The San Francisco Museum of Modern Art (SFMOMA) has acquired one capsule from the Nakagin Capsule Tower, just over a year after its demolition began. Designed by Kisho Kurokawa, the building, which became the poster child of Metabolism, was completed in Ginza, Tokyo in 1972. As AN covered in a five-part series last summer, the tower fell into disrepair over the years, and after years of speculation it was determined it could not be preserved, and was finally set for demolition.
Based on ideas that architecture can structure itself on a cellular model, with component parts of a given structure being adaptable, modular, and designed for growth and contraction, Metabolism was experimented with in Japan in the 1960s and 1970s, and after the 1973 Oil Crisis, was exported to the Middle East. Works including the Kyoto International Conference Center, the Kuwait Embassy and Chancellery in Tokyo, and the Shizuoka Press and Broadcasting Center (also in Ginza) display Metabolist design in non-capsule iterations.
The 13-floor Nakagin Capsule Tower was constructed with two towers supporting 140 pods—small, prefabricated living units attached to the exterior of the towers.” The pods were designed as a space for businessmen, including a bed, folding desk, and optional electronics.
As the fate of the building became public knowledge, preservation efforts to save some of the pods became urgent. Former resident Tatsuyuki Maeda led restoration efforts for the preserved pods, acquiring 23 prior to demolition. Some of these have been displayed on the grounds of the Museum of Modern Art, Saitama, whose building was also designed by Kurokawa.

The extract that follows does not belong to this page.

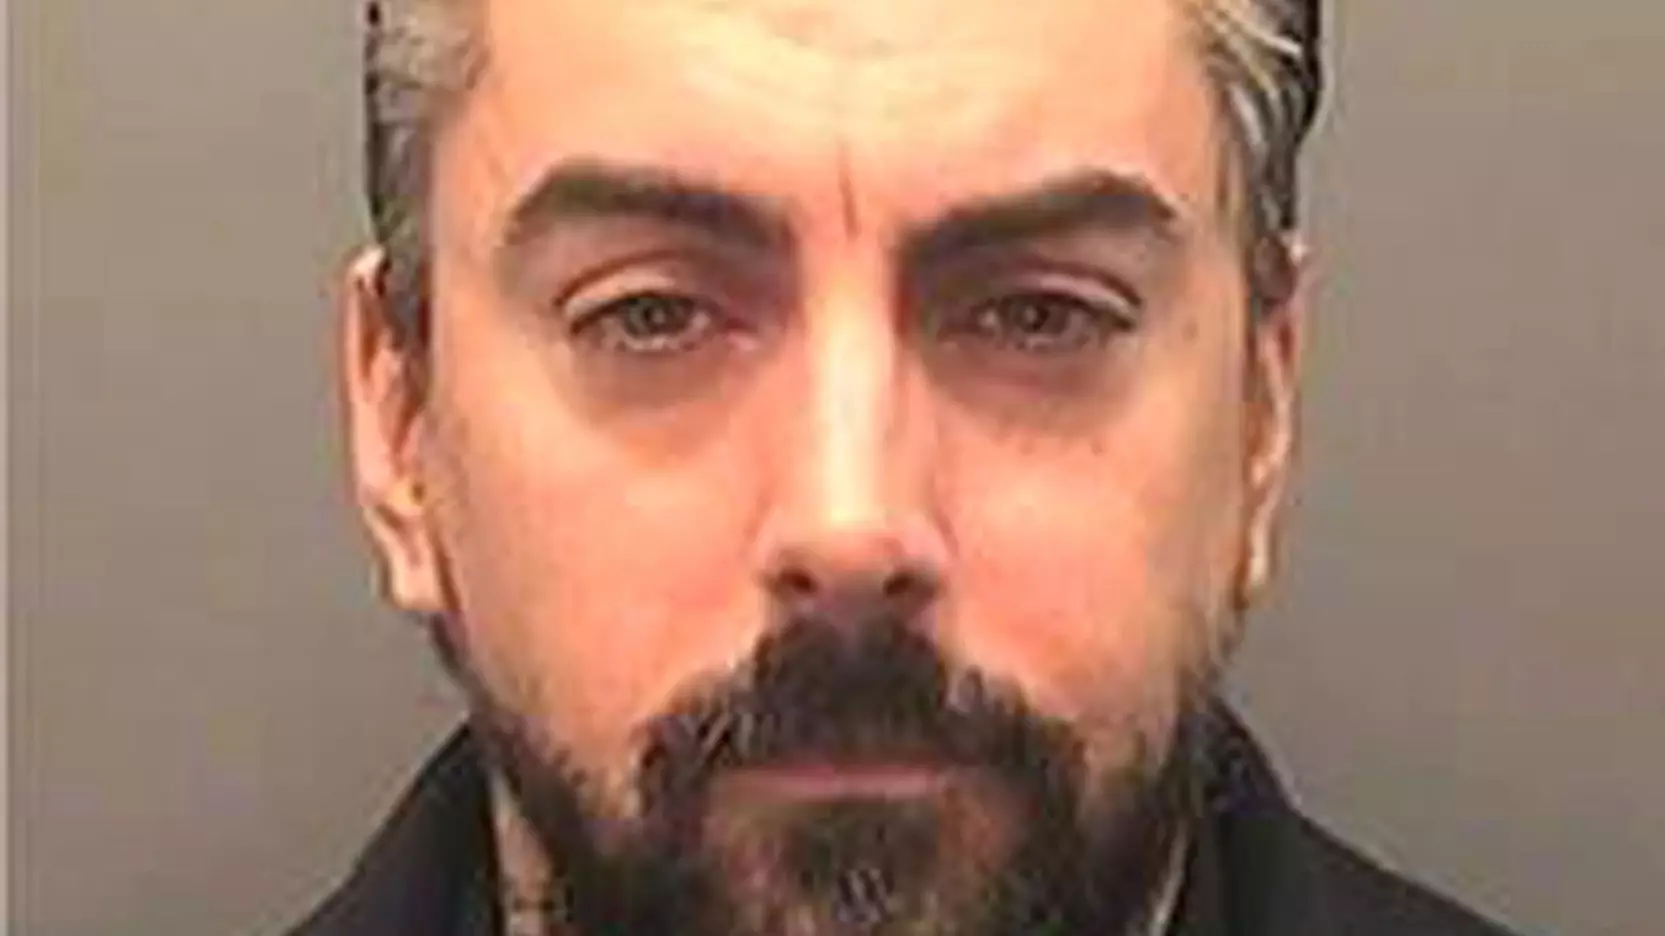 Lostprophets Singer Ian Watkins Found Guilty Of Shoving Phone Up His Bum In Prison

Now, one pod will be coming to the United States. Capsule A1302, measuring 8.2 feet by 13.1 feet by 8.2 feet, was owned by Kurokawa and occupied the highest floor. Historians and curators have worked with Kurokawa’s office to restore Capsule A1302, including “original features and electronics available to buyers who customized their units in 1972.” The museum also acquired nine images from photographer Noritaka Minami’s series 1972, which captured the building’s interiors over the last 12 years of its existence.
Helen Hilton Raiser Curator of Architecture and Design Jennifer Dunlop Fletcher told AN that the museum was “thrilled” about the acquisition, saying: “The acquisition fits perfectly with the museum’s collection of visionary, provocative architecture by many of the most radical thinkers in the field since 1960, whose work invites public dialogue about significant issues in design.” The museum’s architecture and design collection includes work from Metabolist architect Fumihiko Maki, and by groups of the same era, like Supertsudio and Archigram.
Fletcher added, “The Capsule evokes many conversations around environmental concerns, including shared infrastructure, efficient building and living, and prioritizing the permanence of ideas over physical form. The Capsule deepens the museum’s holdings [of] Japanese contemporary design and architecture and will be a great addition to San Francisco’s built architecture, including the Yerba Buena Center for the Arts by fellow Metabolist Fumihiko Maki across the street from SFMOMA.”
SFMOMA has not announced when the capsule will be on display.